TVRINews, Jakarta
Pelaku usaha dan komunitas kini bisa daftar izin tayang tanpa biaya.
Lembaga Penyiaran Publik (LPP) TVRI secara resmi meluncurkan program registrasi terbuka bagi masyarakat dan pelaku Usaha Mikro dan Kecil (UMK) yang berencana menggelar acara nonton bareng (nobar) Piala Dunia 2026, untuk memberikan jaminan hukum sekaligus mengeliminasi kekhawatiran publik terkait sanksi pelanggaran hak siar.
Melalui kebijakan ini, otoritas penyiaran nasional tersebut berupaya memastikan kemeriahan turnamen sepak bola terakbar sejagat dapat diakses secara legal oleh seluruh lapisan masyarakat.
Di sisi lain, inisiatif ini dirancang untuk menstimulasi aktivitas ekonomi kreatif pada sektor akar rumput.
Koordinator Media Center Siaran Piala Dunia 2026 TVRI, Ezki Suyanto, menjelaskan bahwa terdapat miskonsepsi di tengah masyarakat yang menganggap seluruh kegiatan penayangan bersama bersifat komersial dan berbayar.
TVRI, menurutnya, menerapkan diferensiasi yang tegas antara komersialisasi siaran dan ruang partisipasi publik non-komersial.
"Kami mengimbau kepada seluruh komunitas, pengurus Rukun Tetangga (RT), hingga pelaku usaha mikro dan ultra mikro seperti pemilik kedai kopi kecil untuk tidak takut mendaftarkan kegiatan nonton bareng mereka," ujar Ezki dalam keterangannya Selasa 19 Mei 2026.
"TVRI mengusung semangat 'Bola Gembira' yang bertujuan memudahkan masyarakat untuk bisa menonton Piala Dunia, sehingga kami memastikan bahwa skema non-komersial ini sepenuhnya gratis tanpa konsekuensi biaya apa pun."
Kriteria Skema Bebas Biaya
Kebijakan bebas biaya ini diberlakukan khusus untuk kategori non-komersial. Indikator utamanya adalah penyelenggara sama sekali tidak memungut biaya tiket masuk, baik secara langsung maupun tidak langsung, dari para penonton yang hadir.
Sektor usaha skala mikro yang menayangkan pertandingan sebagai fasilitas reguler bagi pelanggan tanpa disertai adanya sponsor eksternal atau kampanye promosi berskala besar juga berhak mendapatkan fasilitas tanpa biaya ini.
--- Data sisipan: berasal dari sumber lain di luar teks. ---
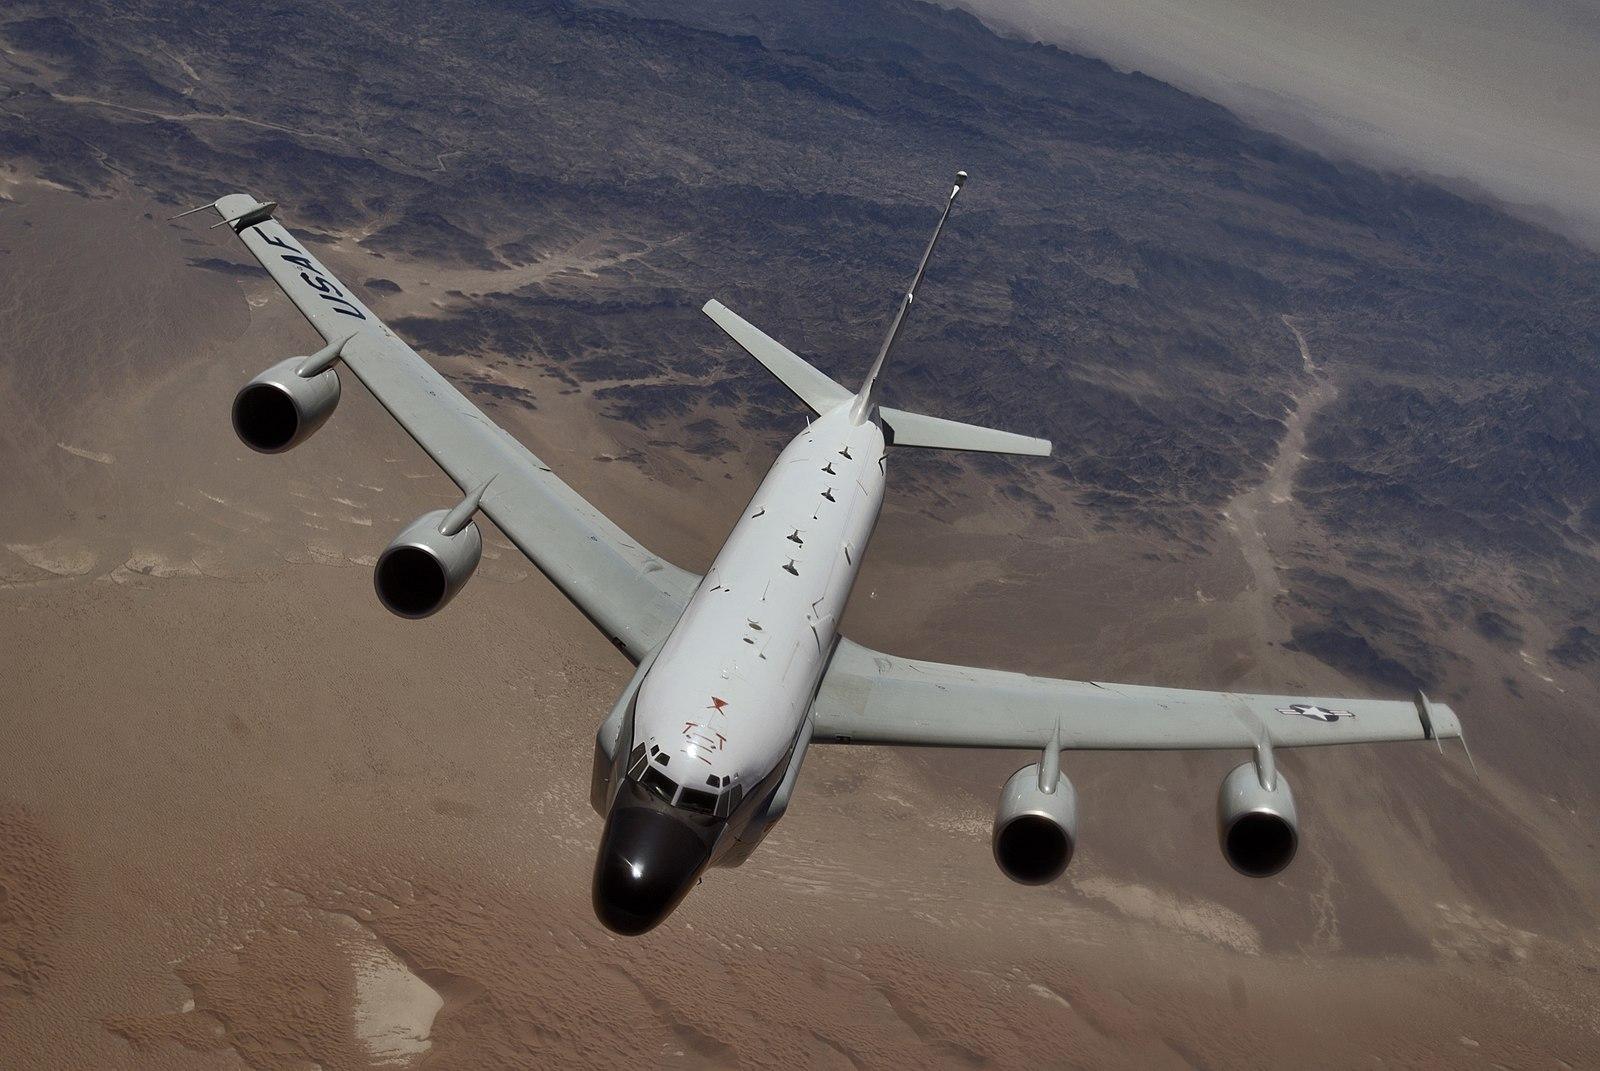 Russian Jet Cuts Off American Plane, U.S. Crew Lives In Danger — Pentagon Blasts 'Reckless' Russians

Dari regulasi ini adalah menjaga sifat inklusif turnamen agar dapat dinikmati tanpa memberikan beban finansial tambahan bagi masyarakat.
Digitalisasi Proses Registrasi
Untuk mempermudah jangkauan, mekanisme pendaftaran kini dialihkan sepenuhnya ke platform digital guna memotong jalur birokrasi. Calon penyelenggara nobar hanya diwajibkan mengakses situs resmi bolagembira.tvrinews.com untuk mengisi data kapasitas serta format acara yang akan diselenggarakan.
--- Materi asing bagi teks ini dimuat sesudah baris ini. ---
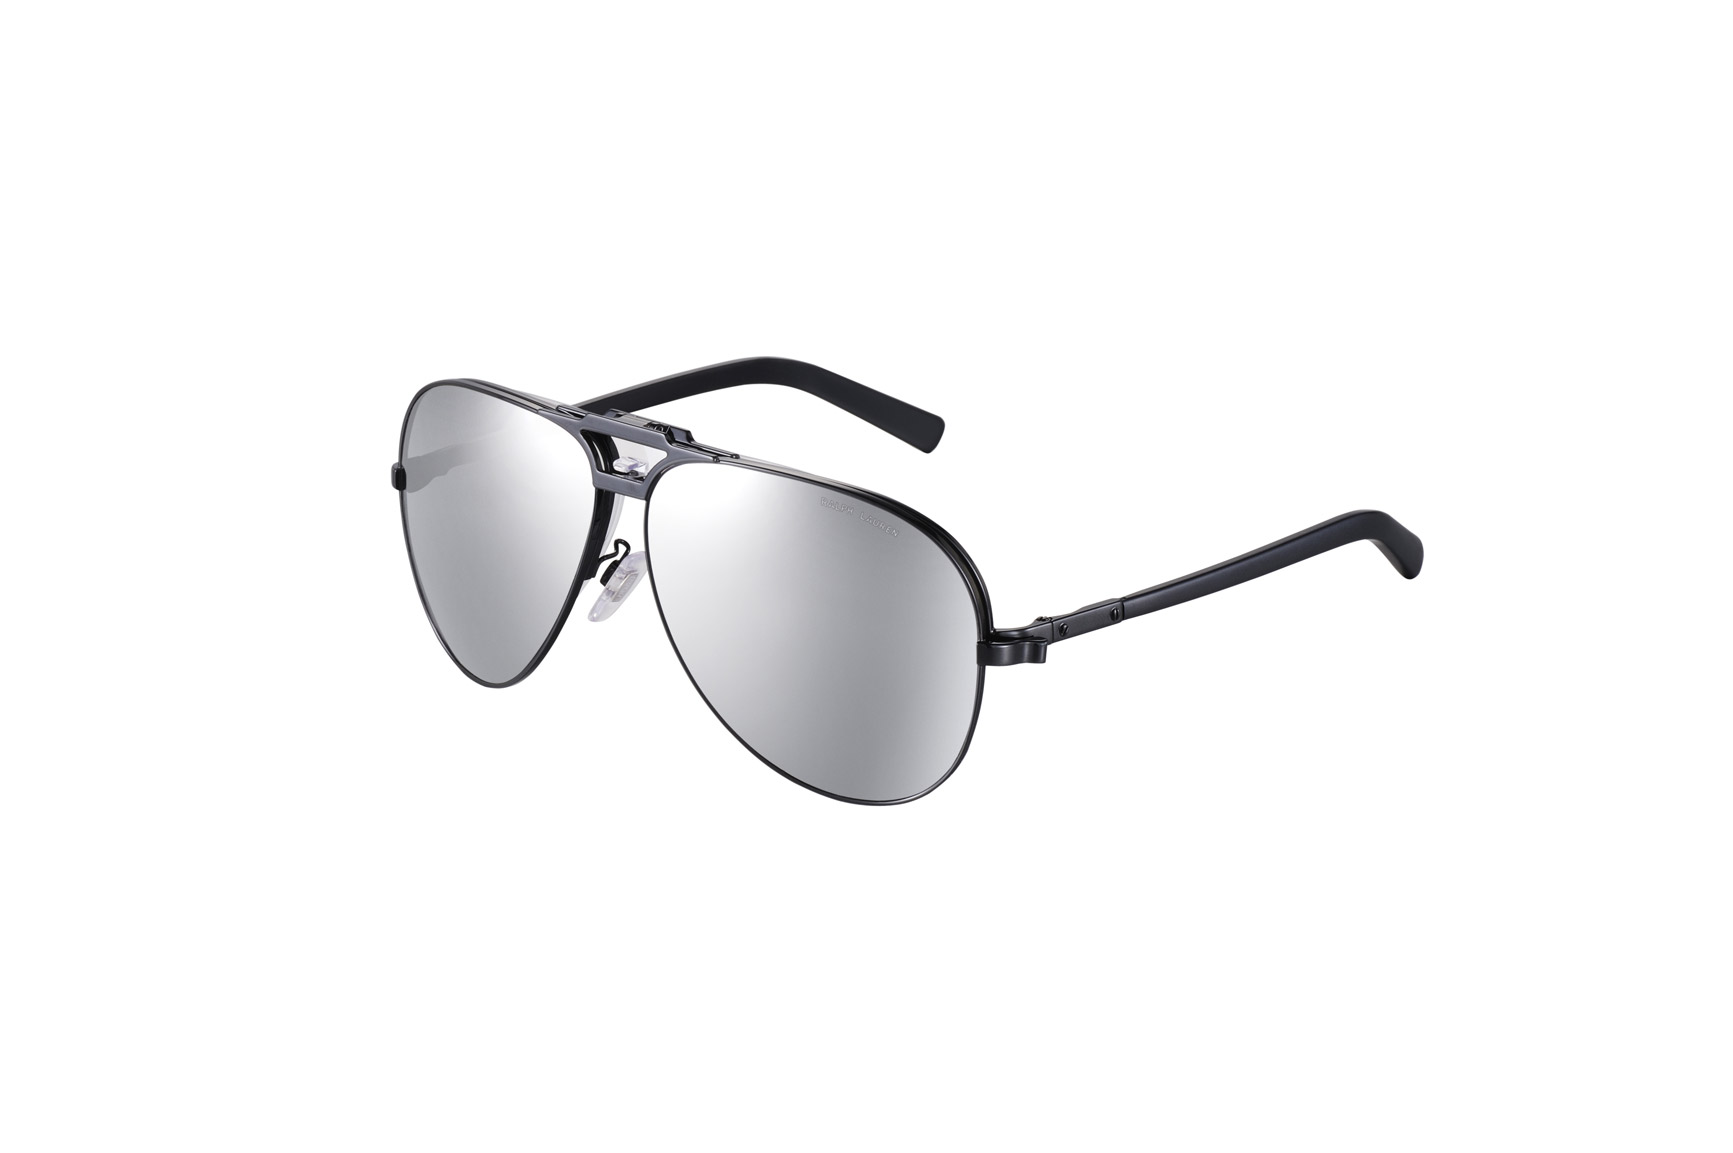 Ralph Lauren Eyeglasses Pearle Vision

Setelah melalui tahapan verifikasi internal dan dinyatakan memenuhi syarat, pemohon akan menerima dokumen berupa stiker digital resmi. Dokumen tersebut dapat dicetak dan dipasang di lokasi acara sebagai bukti otentik bahwa kegiatan nobar yang berlangsung telah memiliki legalitas hukum yang sah.
Melalui standardisasi kelonggaran hukum ini, TVRI memproyeksikan adanya dampak positif ganda: mendorong pertumbuhan ekonomi domestik di tingkat lokal sekaligus meminimalisasi potensi sengketa hukum hak cipta selama turnamen berlangsung.